Steinfeld syndrome is a rare disorder with a variety of symptoms. A person with Steinfeld syndrome will have holoprosencephaly. Holoprosencephaly is where a part of the brain known as the forebrain does not develop fully. This causes someone with Steinfeld syndrome to have eye, nose, and upper lip deformities. Steinfeld syndrome may cause microphthalmia, which is when the eyes are too small. People with Steinfeld syndrome may not have a nose and they may have ear deformities and hearing loss. People with this syndrome may also have a cleft lip or cleft palate. A cleft lip is a deformity of the upper lip. A cleft palate is a hole in the roof of the mouth. A person with Steinfeld syndrome will not have thumbs, and he/she may have a deformed spine.
People with Steinfeld syndrome will have a malformed heart and kidneys.

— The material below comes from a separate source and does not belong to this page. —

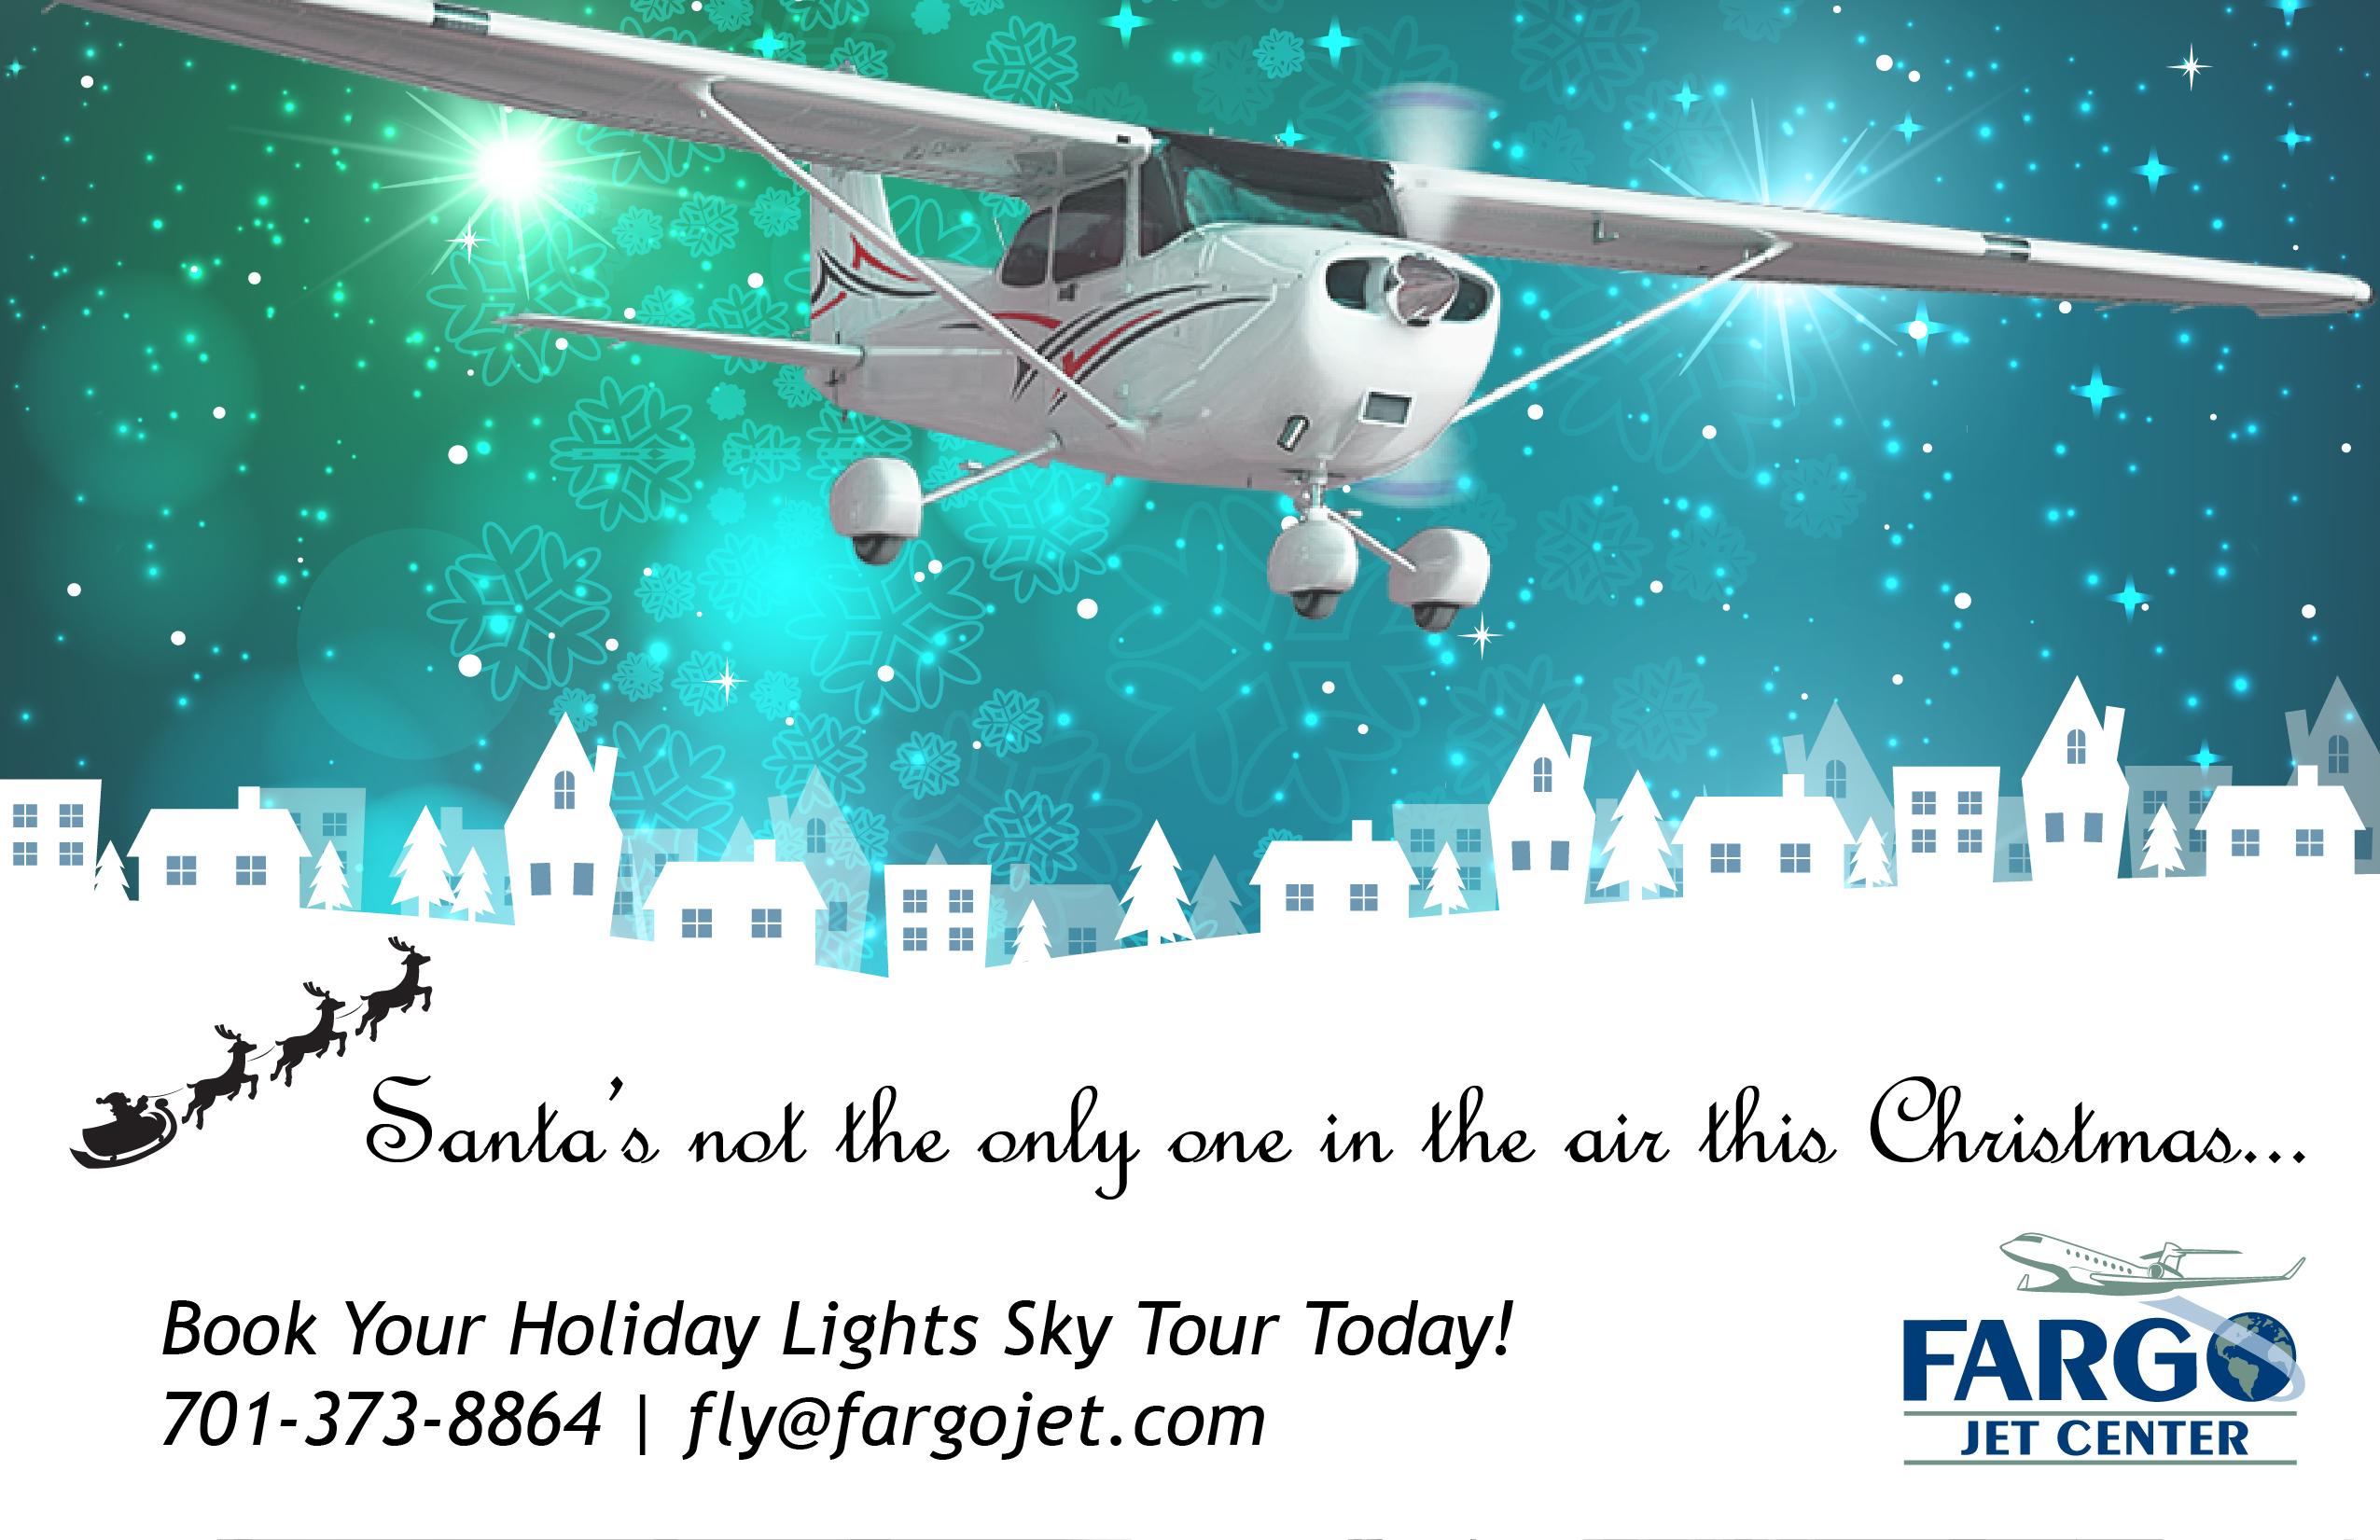 fargo-jet-center-holiday-lights-tour

The heart pumps blood through the body. The kidneys remove waste from the blood by creating urine. Malformed organs can cause the organ to not work properly which can lead to many different health problems. These symptoms vary and can sometimes lead to death before a baby with Steinfeld syndrome is born, or shortly after birth.

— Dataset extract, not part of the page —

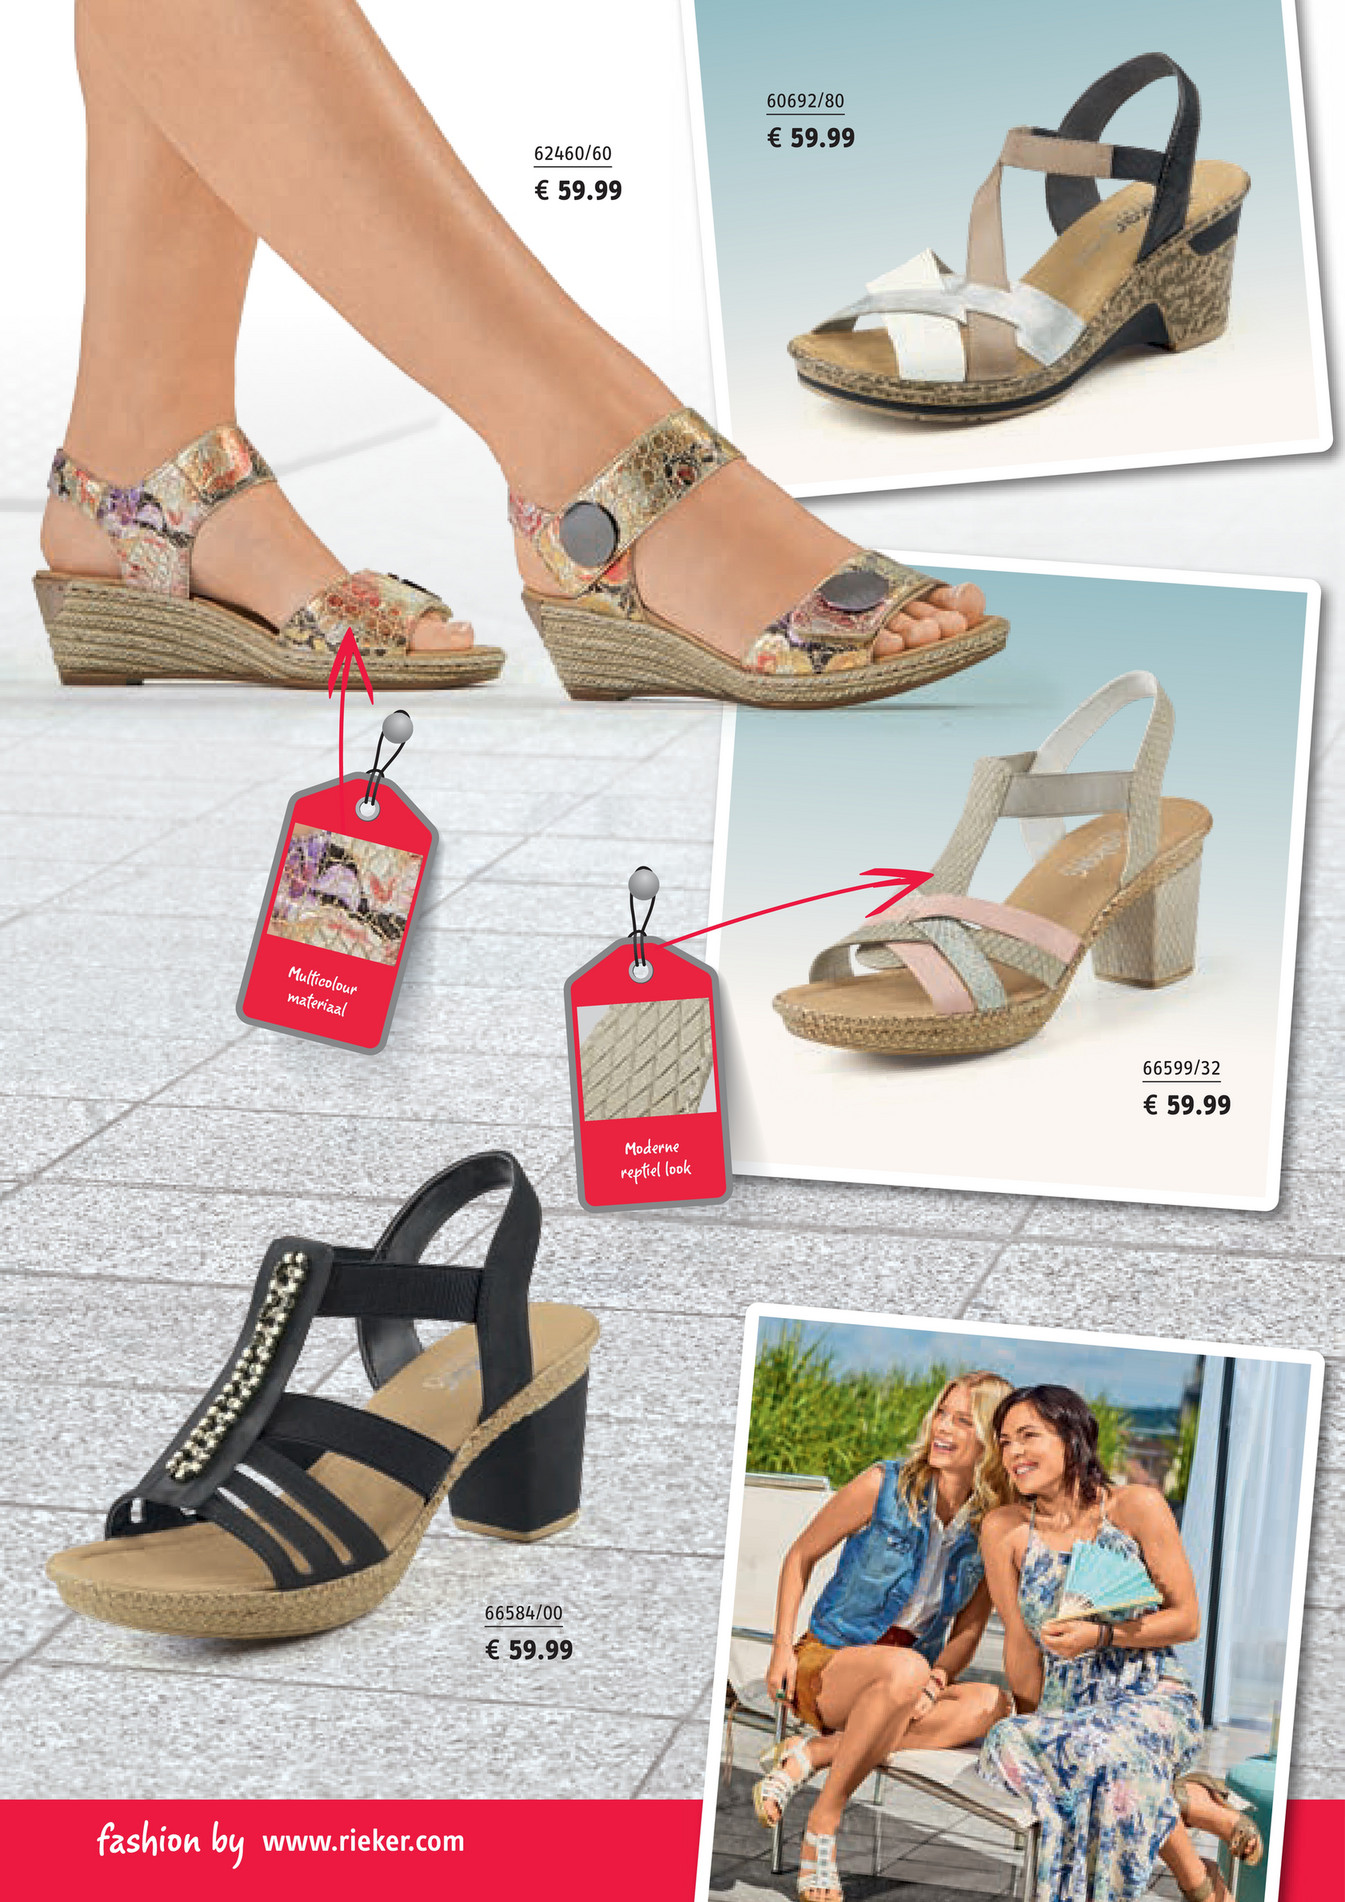 Nelson Schoenen Rieker voorjaarsfolder Rieker sandalen beige

Steinfeld syndrome is passed down from parents to their children through genes. Genes are sections of DNA that act as instruction manuals for proper growth and development. A person receives genes from both parents. Steinfeld syndrome is most likely inherited in an autosomal dominant pattern. This means that one mutation (genetic change in a gene) from one parent is inherited by a child in order to cause the disorder.
The exact gene that causes the symptoms of Steinfeld syndrome is unknown. If you or a family member has been diagnosed with Steinfeld syndrome talk to your doctor about the most current treatment options. Support groups are also good sources of support and information.